10. The device of claim 5, wherein the channel is configured to receive the tube while the device is in the extended configuration and in the coiled configuration.

11. The device of claim 1, wherein the coating includes a first coating and a second coating different from the first coating.

12. The device of claim 11, wherein the first coating is applied to one or more surfaces of the base configured to be exposed to a body lumen when the medical device shaft to which the tube is removably coupled via the device is partially inserted into the body lumen.

13. The device of claim 11, wherein the second coating is applied to one or more surfaces of the base configured to contact at least one of the medical device shaft or the tube.

14. The device of claim 1, wherein, when the device is in the coiled configuration, the structure of the base is configured to transition the device from the coiled configuration back to the extended configuration to enable repositioning of the device relative to at least one of the medical device shaft or the tube.

15. The device of claim 1, wherein the base is comprised of metal, and wherein the coating is comprised of rubber, plastic, or a combination of rubber and plastic.

16. A medical system, comprising:

a first medical tube;

a second medical tube separate from the first medical tube; and

a tube management device configured to removably couple the first medical tube to the second medical tube, wherein the tube management device comprises:

a base including a structure configured to transition the tube management device between an extended configuration and a coiled configuration; and

a coating applied to the base,

wherein, in the coiled configuration, the tube management device is configured to circumferentially surround the first medical tube and the second medical tube to removably couple the first medical tube to the second medical tube.

17. The medical system of claim 16, wherein the tube management device further includes a channel configured to receive one of the first medical tube or the second medical tube, and wherein the channel is a recess in an interior surface of the tube management device.

18. The medical system of claim 16, wherein, when the tube management device is in the coiled configuration, the structure of the base is configured to transition the tube management device from the coiled configuration back to the extended configuration to enable repositioning of the tube management device relative to at least one of the first medical tube or the second medical tube.

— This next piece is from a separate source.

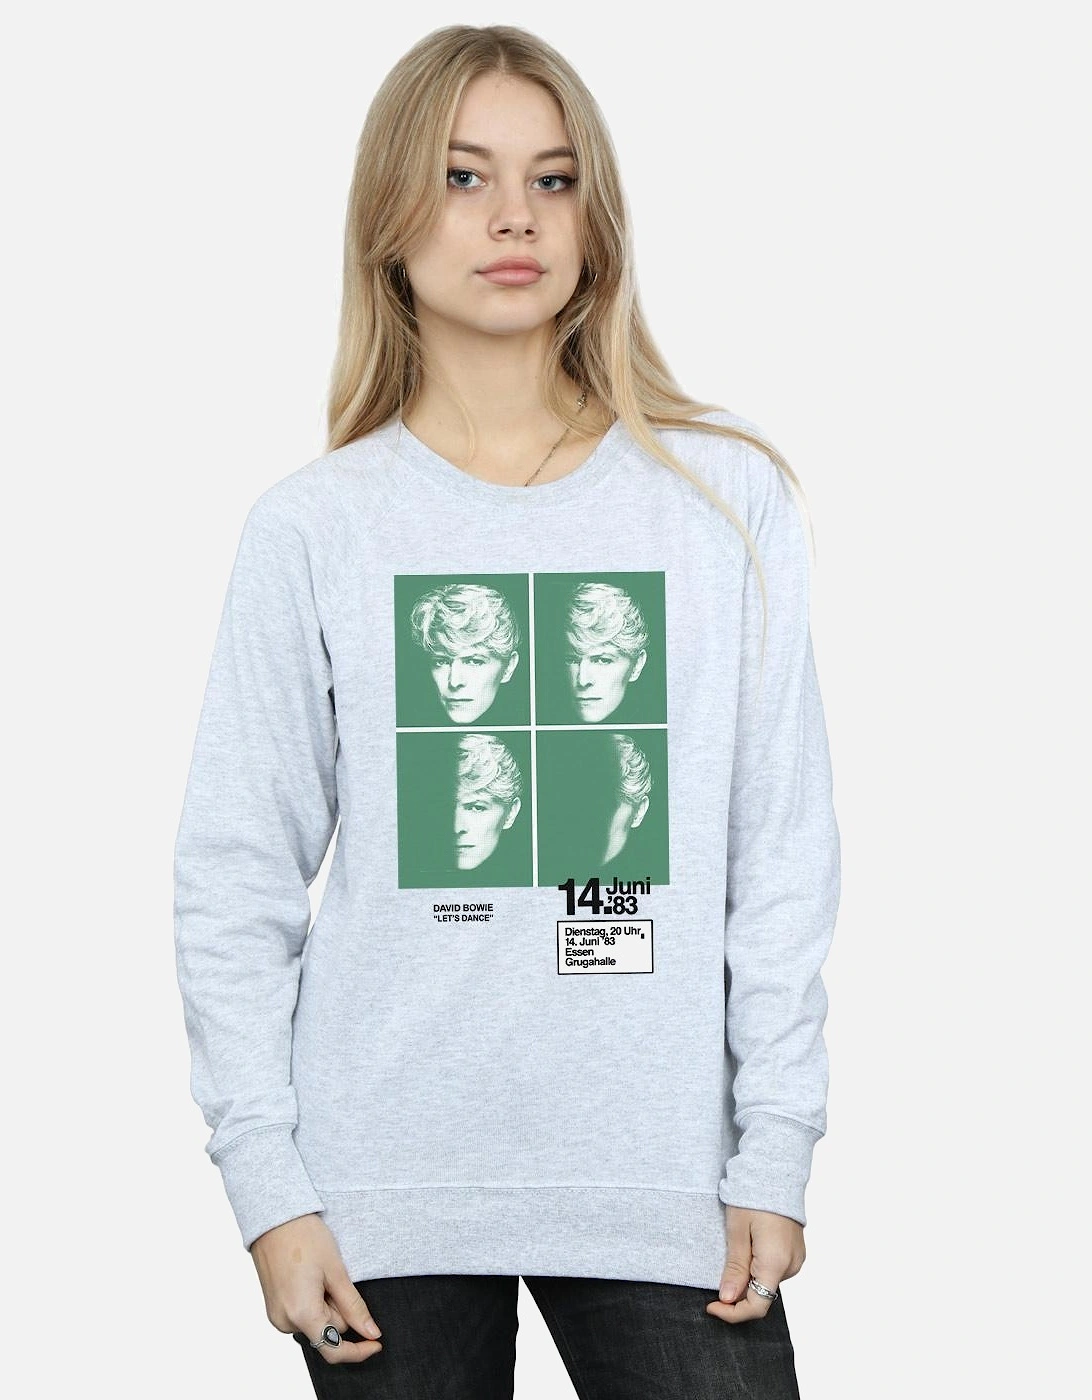 Womens/Ladies 1983 Concert Poster Sweatshirt

19. A method for removably coupling medical tubes, the method comprising:

positioning a device relative to a first medical tube and a second medical tube separate from the first medical tube, wherein the device is in an extended configuration; and

applying a first force to the device to transition the device from the extended configuration to a coiled configuration such that the device circumferentially surrounds at least one of the first medical tube or the second medical tube to removably couple the first medical tube to the second medical tube.

20. The method of claim 19, wherein positioning the device further comprises:

receiving one of the first medical tube or the second medical tube within a channel of the device to couple the one of the first medical tube or the second medical tube to the device; and

positioning the device coupled to the one of the first medical tube or the second medical tube relative to the other of the one of the first medical tube or the second medical tube.